Closed jenniferthompson closed 6 years ago
Maybe also RxNorm and the CMS drug class data?
The keying of companies is finished, I submitted PR #41 with the script and will add the dfs to data.world somehow. The keying of drugs I could work on later this week, depending on how busy things get, but if someone else wants to that is also great.
Looks like we might be done with this issue! :grin: Any objections or concerns, @jenniferthompson @dhuppenkothen @skirmer ?
My impression was that we still need one more key - but @skirmer would know best. I don't think anyone else took her up on the suggestion of working on it ;)
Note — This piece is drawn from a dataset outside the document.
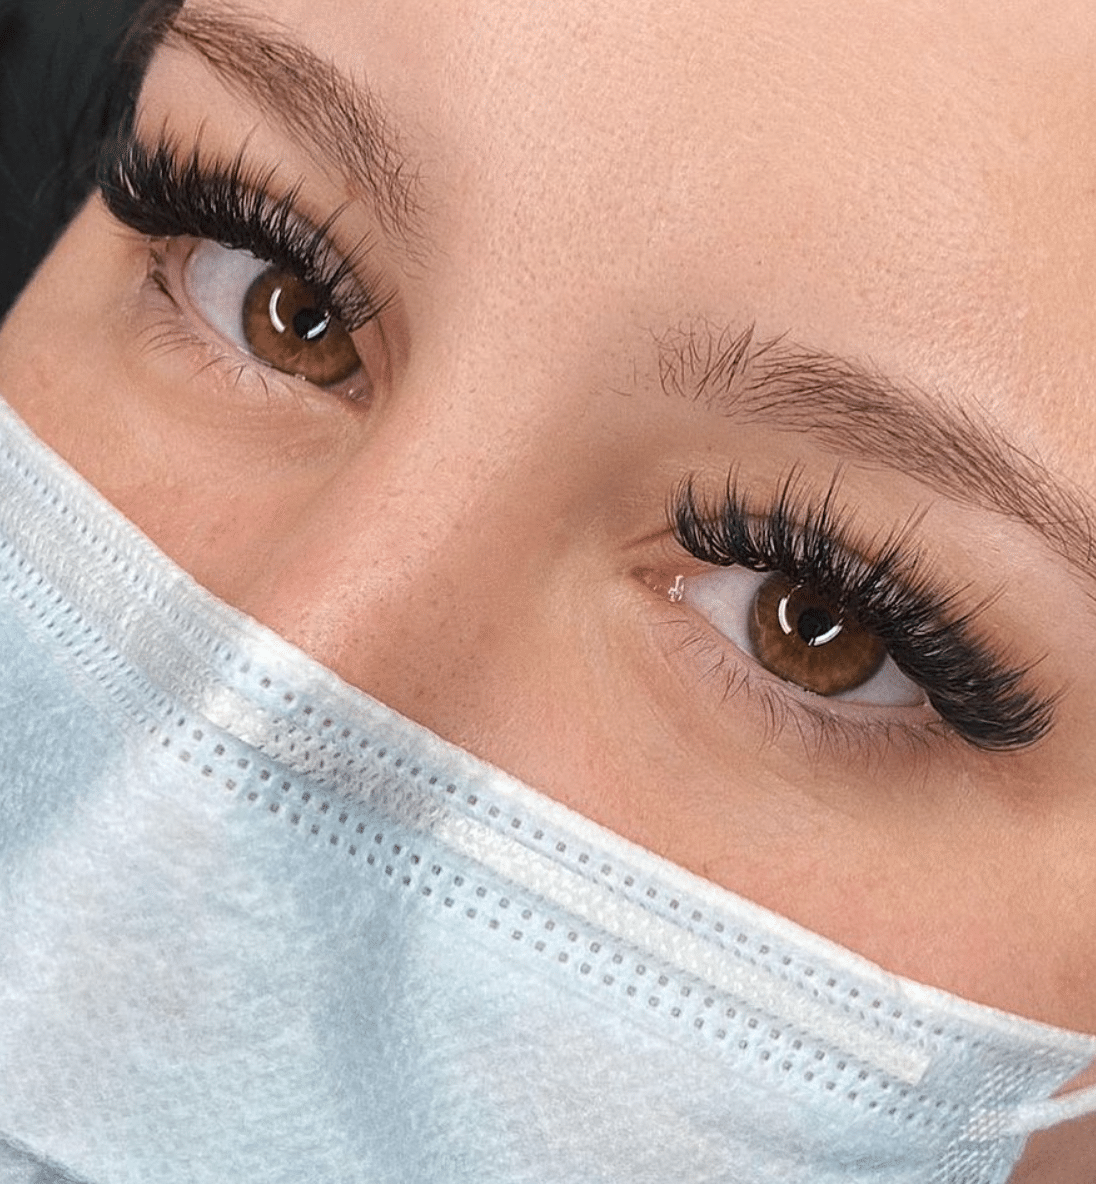 An Experts Guide To Getting The Lashes of Your Dreams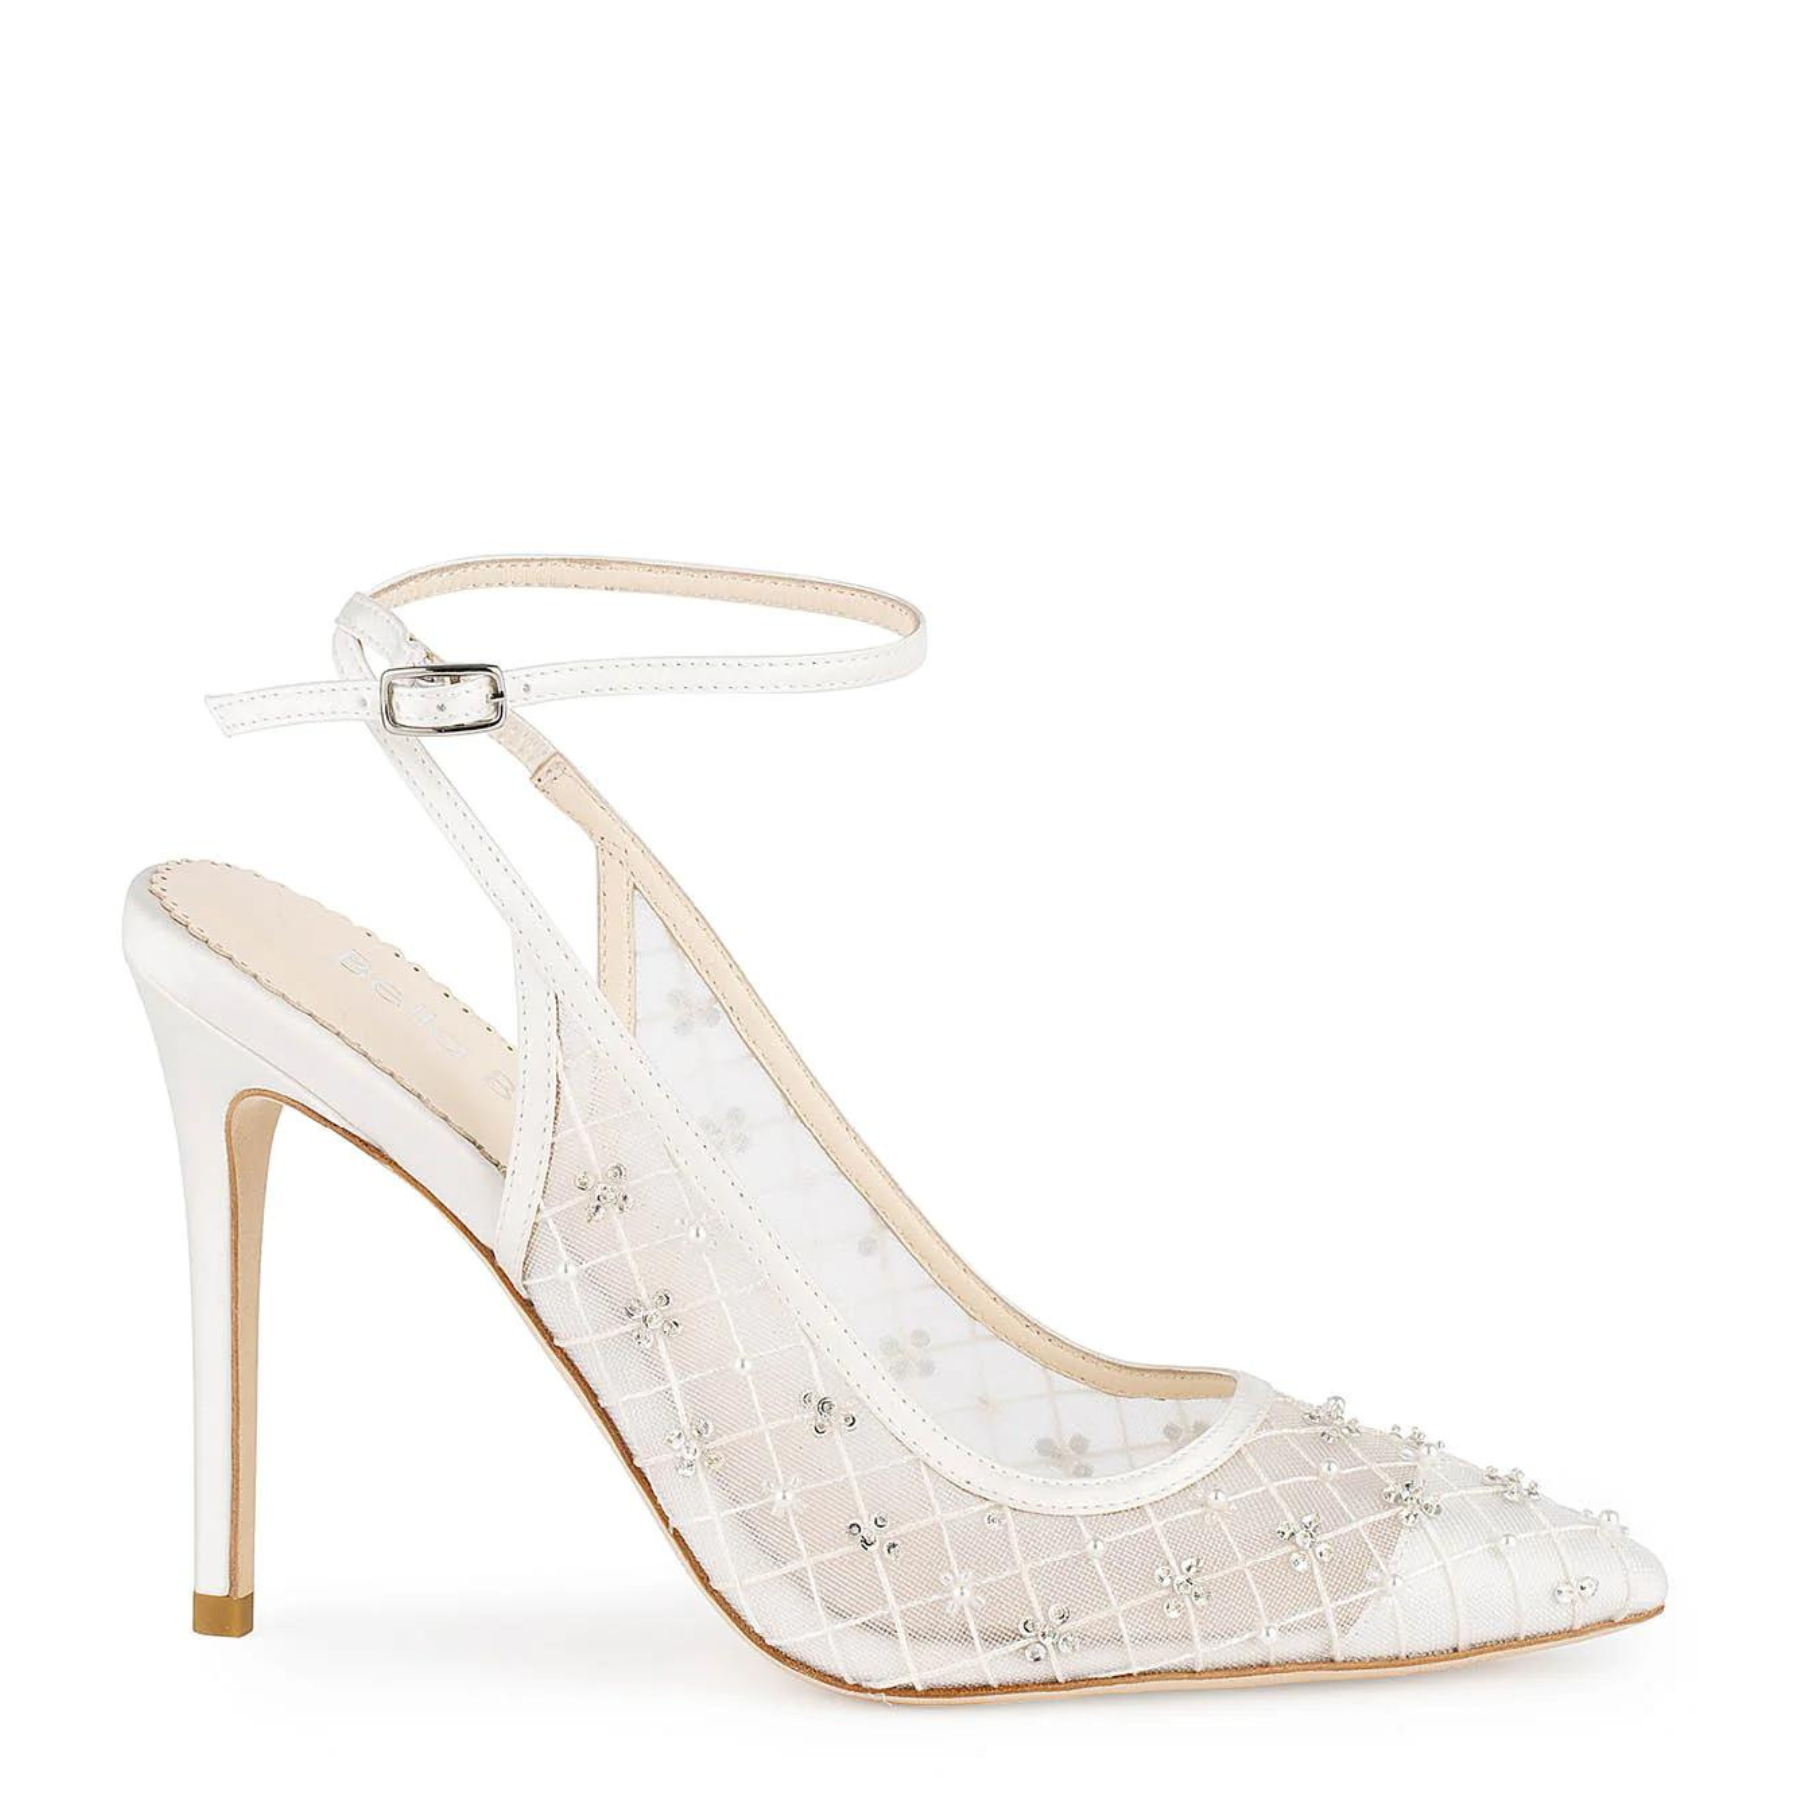 Kennedy - Ankle Strap Argyle Patterned Bridal Stiletto with Crystals and Pearl

@skirmer Just confirming - we still need some work on this issue to get the drug keys, correct?
@jenniferthompson Yes, and while I started a little bit of a stub to work on probabilistic matching between the drug names across datasets, other stuff in life has been taking over and I haven't had time to finish it. The key is that our drug spending files and the manufacturer file have very different labelings of drugs, generic, brand, etc, and we need to decide on a schema to match these and assign a unique key to each drug.
BTW, so sorry for my delayed response! I didn't get any notifications about this thread for some reason.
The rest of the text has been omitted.